Wednesday, December 02, 2009

Report #5 India/Africa Nov/Dec 2009

Dave’s Land Rover has a long history of breakdowns. As I arrived in Zimbabwe he got it back with a rebuilt engine. Then the battery and charging system went out and we had to borrow a battery and limp back to Chinhoyi for repairs.

Next, while we were out visiting rural villages, the front shock broke and we had a man temporarily weld it together. Then Cynthia was driving the Rover and the drive shaft U-joint broke. Rory and Gordon towed it back to Mhangura but in the confusion, the keys were misplaced. We searched high and low for three days—no keys.

Transportation problems are only a small part of the challenges these good people face daily. Everything is a challenge. The sarcastic phrase TIF (This is Africa) looses its humor from overuse.

I feel for Dave and so began to pray for direction. I sought God several times about the keys and had only the slightest feeling that the keys were tucked under something dark, perhaps something round. So launching on faith I told Dave yesterday that I would catch a ride from Doma to Mhangura and pray to find the keys or hotwire the Land Rover and drive it with the front driveshaft disconnected.

“We are cooking a chicken and will expect you for dinner,” were the last words Dave said to me.
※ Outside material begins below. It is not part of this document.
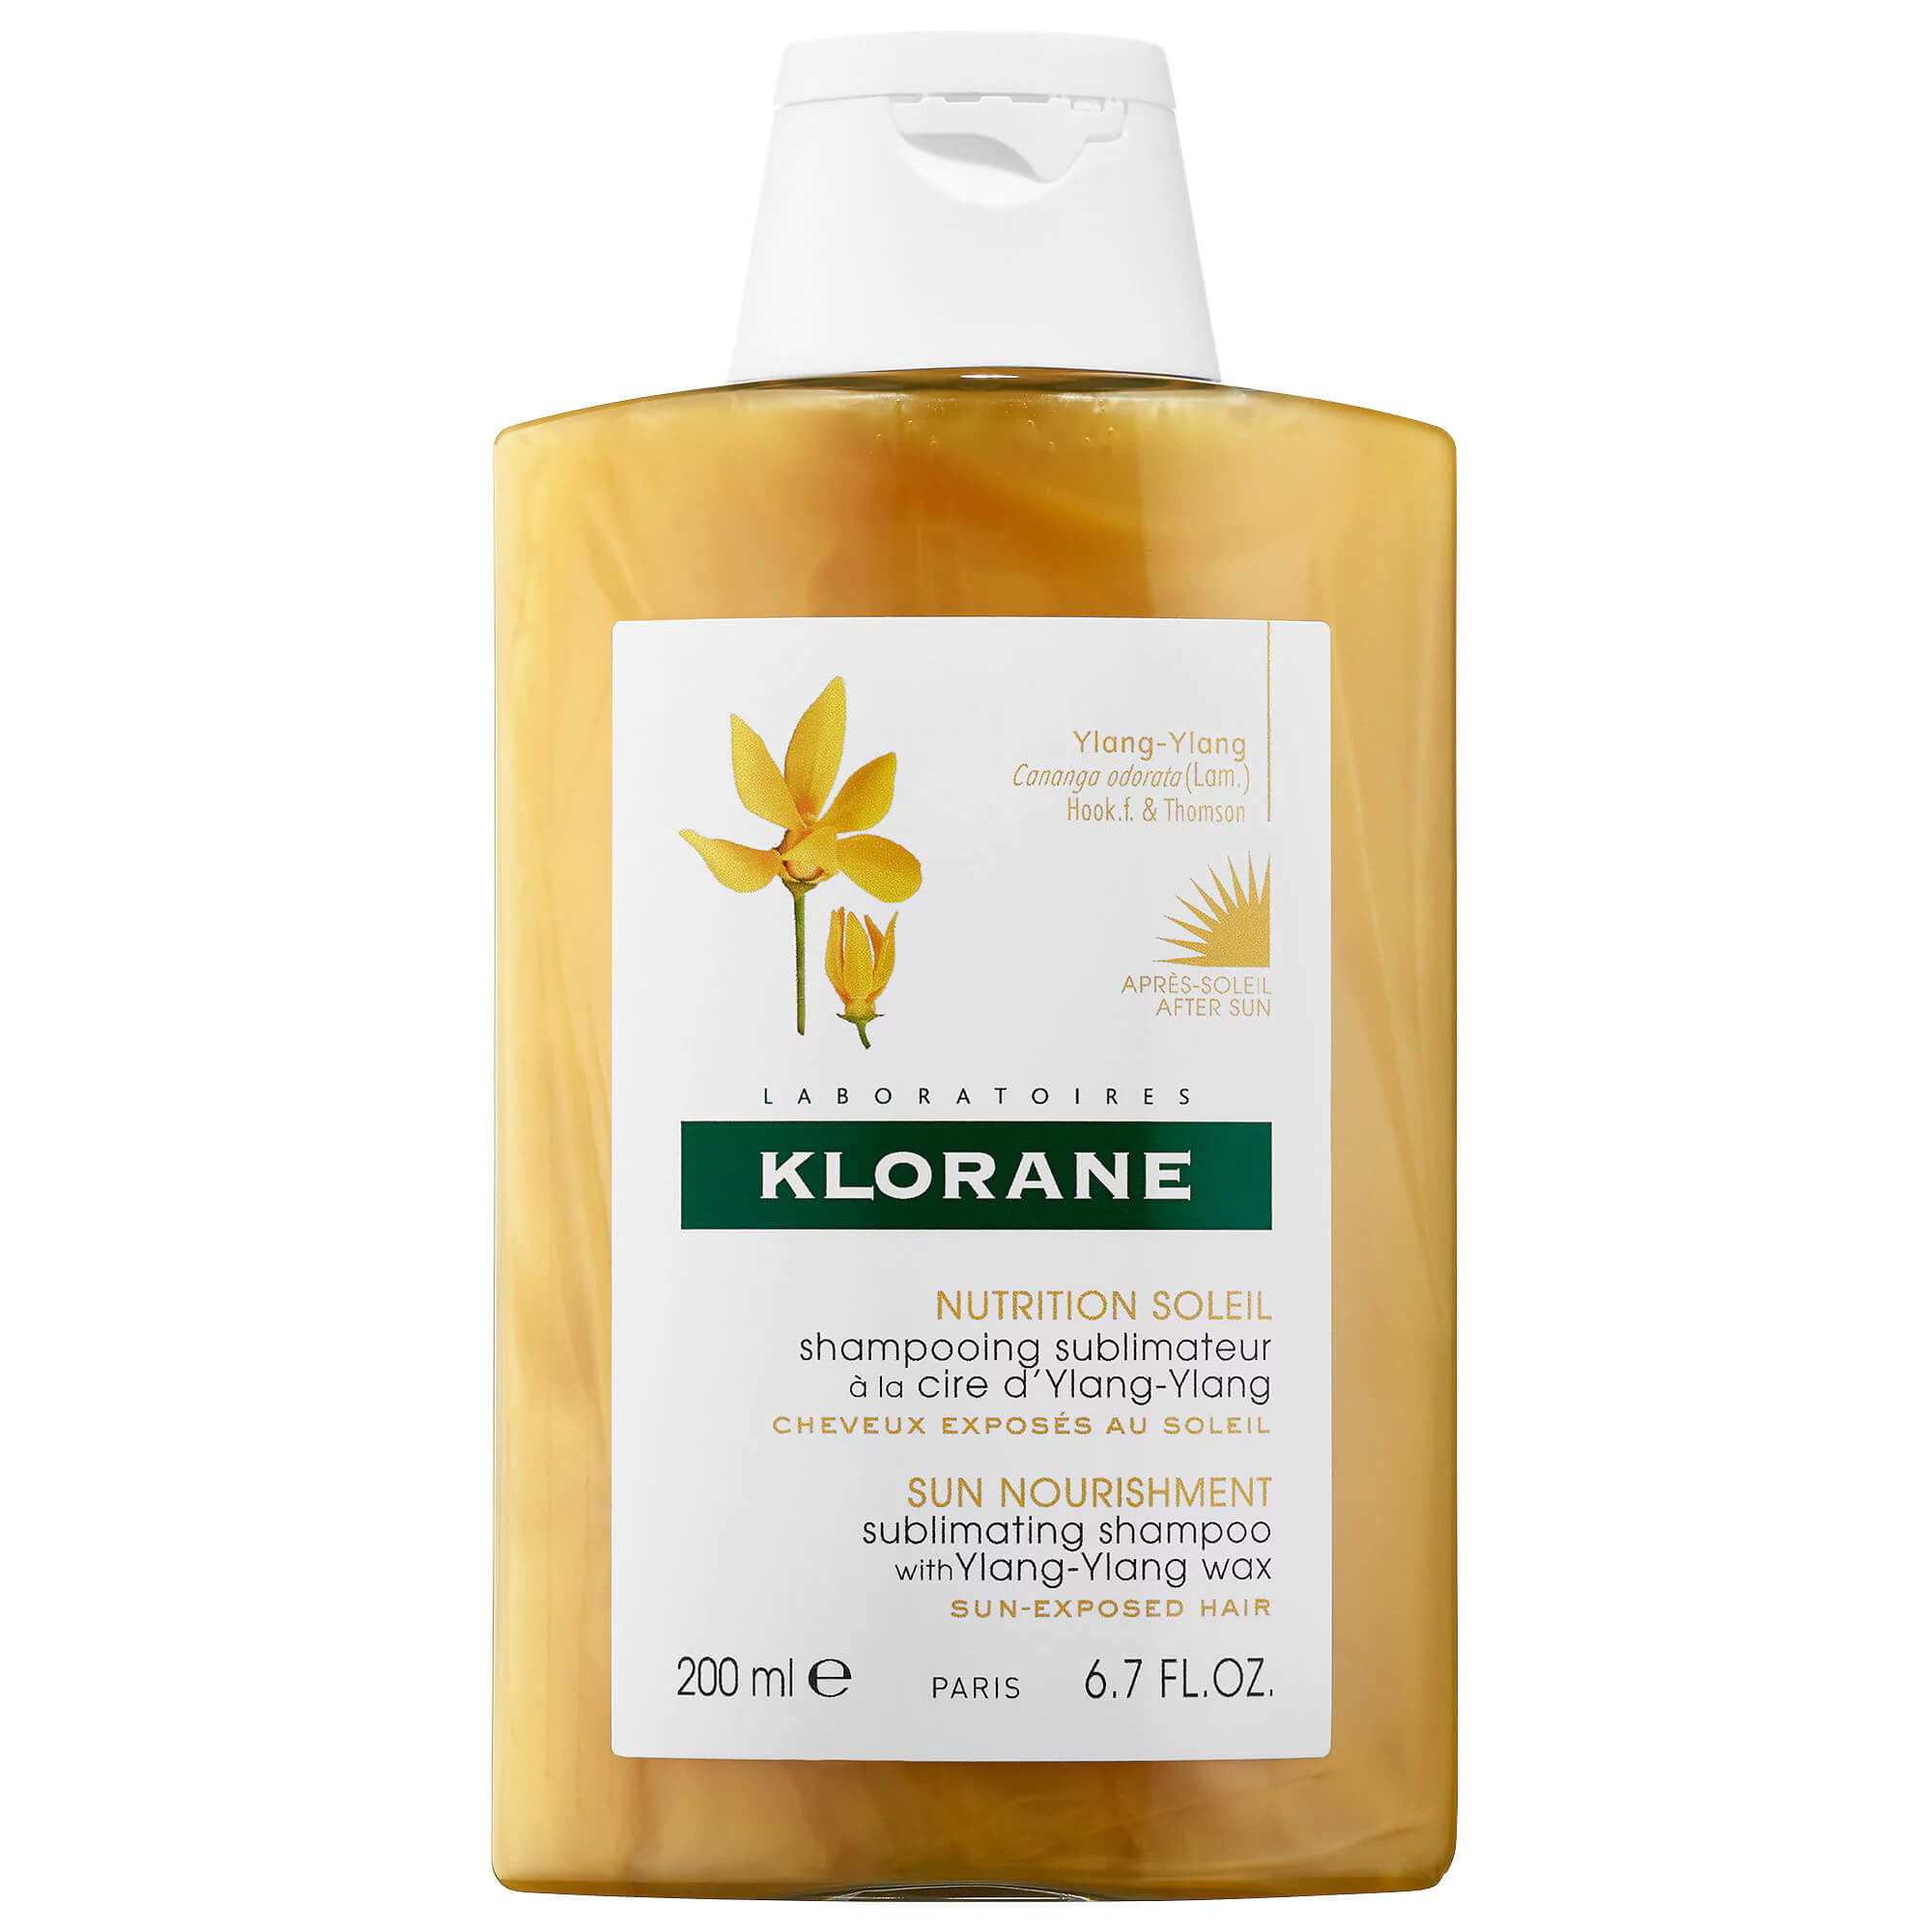 Klorane Shampoo Soin Soleil Ylang Ylang Σαμπουάν Αναδόμησης για Θρέψη & Επανόρθωση Μετά την Έκθεση στον Ήλιο 200ml

In Mhangura the African workers helped me roll the vehicle a foot or two so I could look for the keys underneath. Nothing.

Next, I unbolted the steering lock then ran a hotwire to the glow plugs. The fuel pump proved to be mechanical, not electrical, so that was not a problem. However, when we jumped the Rover by towing it for about one kilometer, nothing happened except the towline broke four times.

I know very little about diesel engines so it remains a mystery why the Rover would not start. But my real question is why God did not reveal the location of the keys. For two weeks I have been teaching the staff lessons about listening to the Lord in ministry rather than using our own wisdom. Now I question my own teaching.

In fact, I question many things about my ministry, including why I am trying to start an orphanage in India. All this is making me step back and re-evaluate.

After much prayer and reading my Bible I conclude that God is much bigger than my concept of how he should help us. It is a fine thing to be bold and ask him for lost keys or to supernaturally cause orphanages to develop. However, life is in his hands, not mine and I simply need to humble myself and let his answer be his answer.

I often teach that there is no such thing as a great man of God; there are only humble men that God chooses to use greatly. Now I am learning to heed my own teaching and give God the room to use me or not as he chooses. My assignment is only to wait humbly.

I am now in Mhangura with no way to Doma where I am supposed to be helping Dave build on his house. So be it. I do not know what I will do with this day except I will wait on the Lord to see how all this comes out.